提交一个图片或视频生成任务。任务为异步执行，提交后通过查询接口轮询结果。

#### 请求头

| Header | 必填 | 说明 |
| --- | --- | --- |
| Authorization | 是 | `Bearer <API Token>` |
| Content-Type | 是 | application/json |

#### 请求参数

| 参数 | 类型 | 必填 | 说明 |
| --- | --- | --- | --- |
| modelName | string | 是 | 模型名称，见下方[可用模型列表](#%E5%8F%AF%E7%94%A8%E6%A8%A1%E5%9E%8B) |
| prompt | string | 是 | 提示词，最长 2000 字符 |
| mediaType | string | 否 | 媒体类型：`IMAGE` 或 `VIDEO`，不传则根据模型自动判断 |
| predictType | string | 否 | 生成类型，不传则自动推断。
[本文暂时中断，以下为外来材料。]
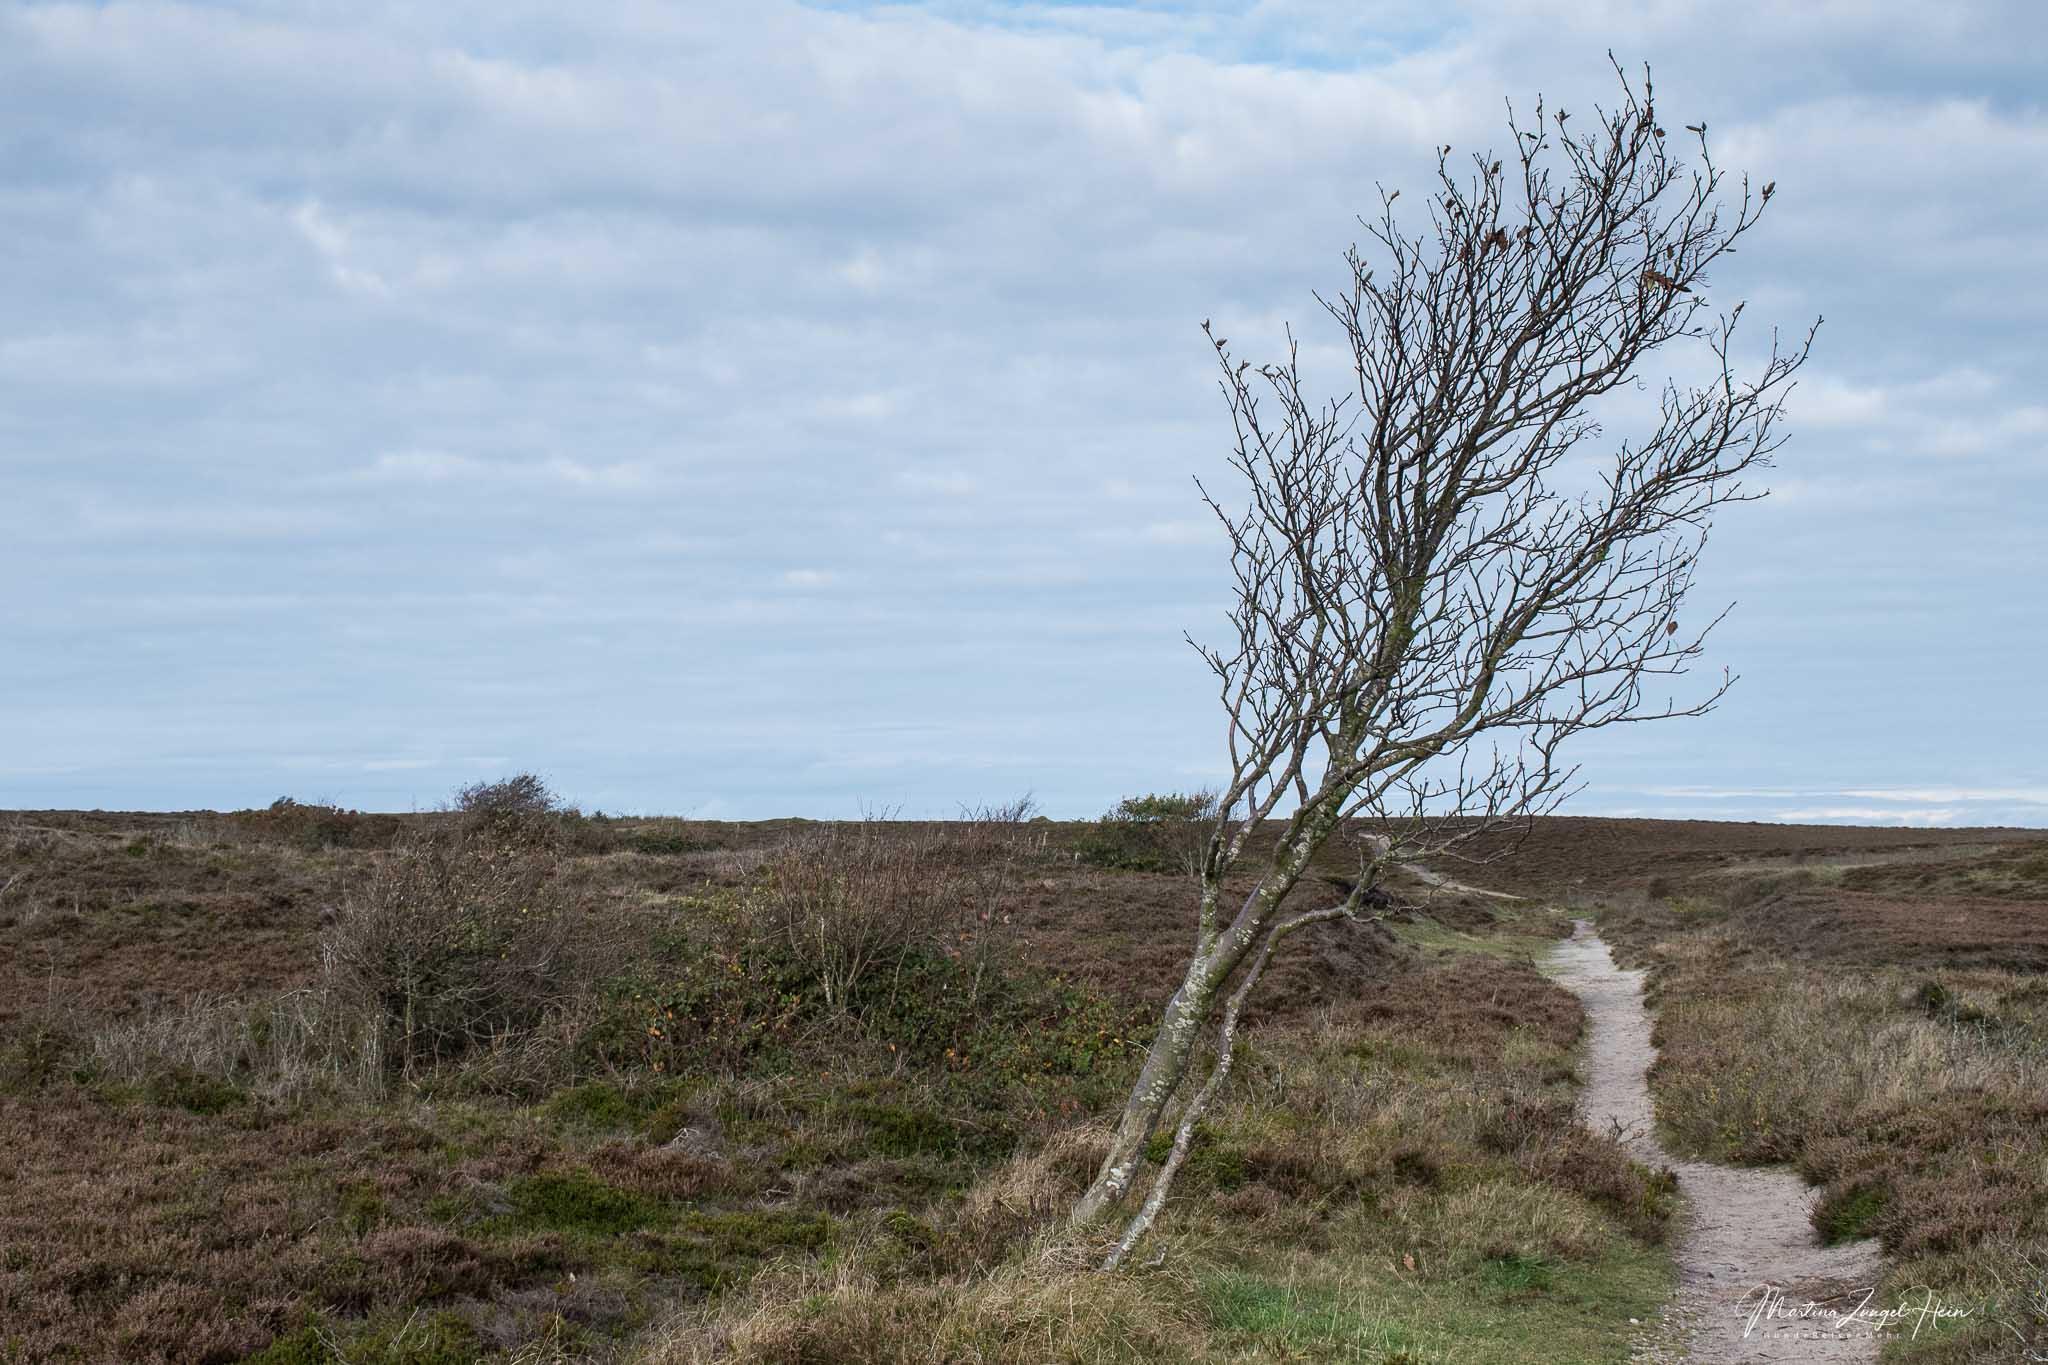 Karge Heidelandschaft und windschiefe Bäume zeugen von einer stürmischen Natur

详见[生成类型说明](#%E7%94%9F%E6%88%90%E7%B1%BB%E5%9E%8B) |
| aspectRatio | string | 是 | 画面比例，如 `1:1`、`16:9`、`9:16` 等 |
| resolution | string | 是 | 分辨率，如 `2K`、`4K`（图片）或 `720P`、`1080P`（视频） |
| n | int | 否 | 生成数量，1-4，默认 1 |
| inputImageList | array | 否 | 参考图片列表，用于图生图、首帧图生视频、首尾帧图生视频、自动视频模式 |
| inputVideoList | array | 否 | 参考视频列表，用于自动视频模式 |
| videoTotalSeconds | int | 否 | 视频时长（秒），仅视频模型有效，默认 5 |
| sound | boolean | 否 | 是否开启声音，仅视频任务有效。不传按后端默认逻辑处理，当前默认 true。部分模型或模式可能忽略该字段 |
| negativePrompt | string | 否 | 反向提示词 |
| seed | int | 否 | 随机种子，默认 -1（随机） |
| optimizePrompt | boolean | 否 | 是否优化提示词，默认 true，建议开启，尤其适合较短或较泛的提示词 |

**inputImageList / inputVideoList 中每个元素格式：**

| 参数 | 类型 | 说明 |
| --- | --- | --- |
| imageUrl | string | 图片/视频的 URL（须通过上传接口获取）。在 `inputVideoList` 中同样使用 `imageUrl` 字段名 |

> 建议大多数场景保持 `optimizePrompt: true`，可以显著改善短提示词、口语化提示词和描述不完整提示词的生成效果。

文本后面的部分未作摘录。